The Nacreous Oughts

20 March 2018

impossible music 

    "Ghazal of the Impossible Music

Sound admitted through doors of tomorrow alone
one day it's said truth itself will appear alone

plainly dressed in colour that cannot be buried
appearing like day does over not one land alone

a mandolin and an oud make love
it is not necessary to be alone

impossible music, new poetry
not just for you or me alone

like lungs a tide breathed in out
in time something grew true alone

planet turn us back into ourselves
rotating us out of the unreal alone"

--Adam Reynolds in the new Ghazal Page (soon* to be defunct)

*"After eighteen issues and a year and a half of dealing with Squarespace, on top of the 1990-grade speed of Hughes Internet, I have arrived at the point where I do not expect to be able to keep up with the Ghazal Page unless it can be removed from Squarespace to a more functional host.
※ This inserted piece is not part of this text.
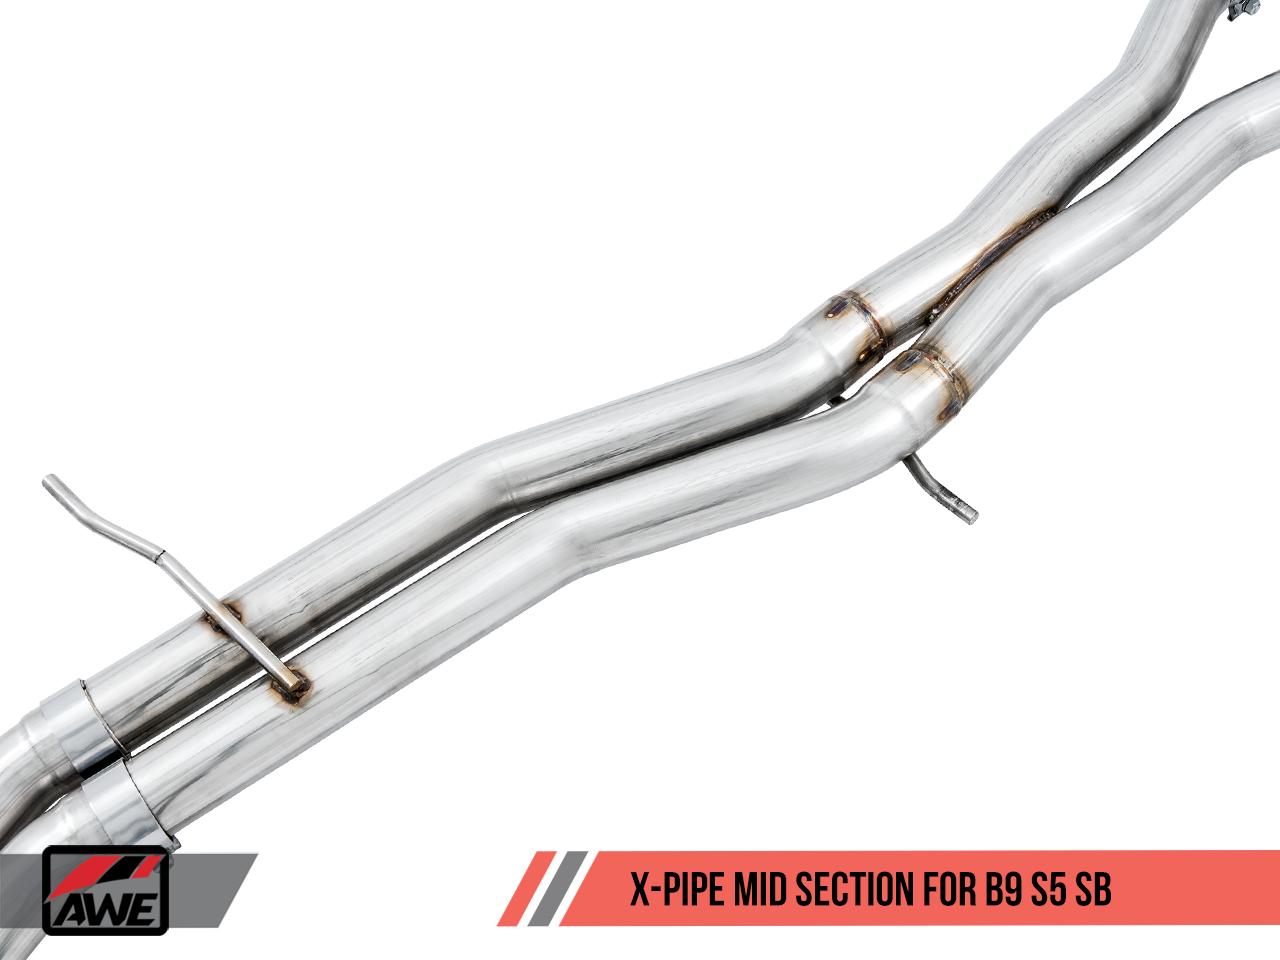 AWE Track Edition Exhaust for B9 S5 Sportback - Resonated for Performance Catalyst - Motorsports LA

Unfortunately I do not have time to manually move the thousands of pages, nor the expertise to automate the process before the current hosting period expires (at the end of March). Unless some volunteer appears to help migrate the site, the Ghazal Page may cease publication and in any case the existing archives will not be salvaged.

There will be at least one more issue of the Ghazal Page; any poems which have already been accepted will be published."


30 January 2018

at a morgue 

(pic by Richard McBride via Karen Osborn Evans on Fab)

16 January 2018


I finally got around to running the numbers for the planet of Ross 128, aka FI Virginis, Gliese 447, & Hip 57548. Using the Hipparcos parallax (".29958) & Visual magnitude (11.12) rather than those used by the discoverers (".29580 & 11.15) i get a visual luminosity of 0.0003459189604 or 1/2891. Since they go ahead & give the stellar mass & radius as 0.168 & 0.1967, i'm going to go with those, which means that for the effective temperature of the M4.5 star of 3192 K, the Bolometric Correction they used was 2.53.

So the total luminosity of the star is 0.003556103292 (1/281). For an orbital period of 9.9 days (1/37), the semimajor axis is 0.049788383 AU (4.6 million miles). The mass is given as 1.35 Earth's (131/97). There are two kinds of assumptions one can make for a nearly Earth-sized planet: the density increases gradually with the mass, or the density is somehow related to the stellar metallicity (here: 0.955 the Sun's). On the first assumption, this planet comes out at around 8573 miles in diameter (MINIMUM)--79/73, its gravity is about 15% greater than Earth's (137/119), & its escape velocity is about 12% higher. Alternately, Josaphat might be 8852 miles in diameter, with 1.08 gravity & 1.1 Ve.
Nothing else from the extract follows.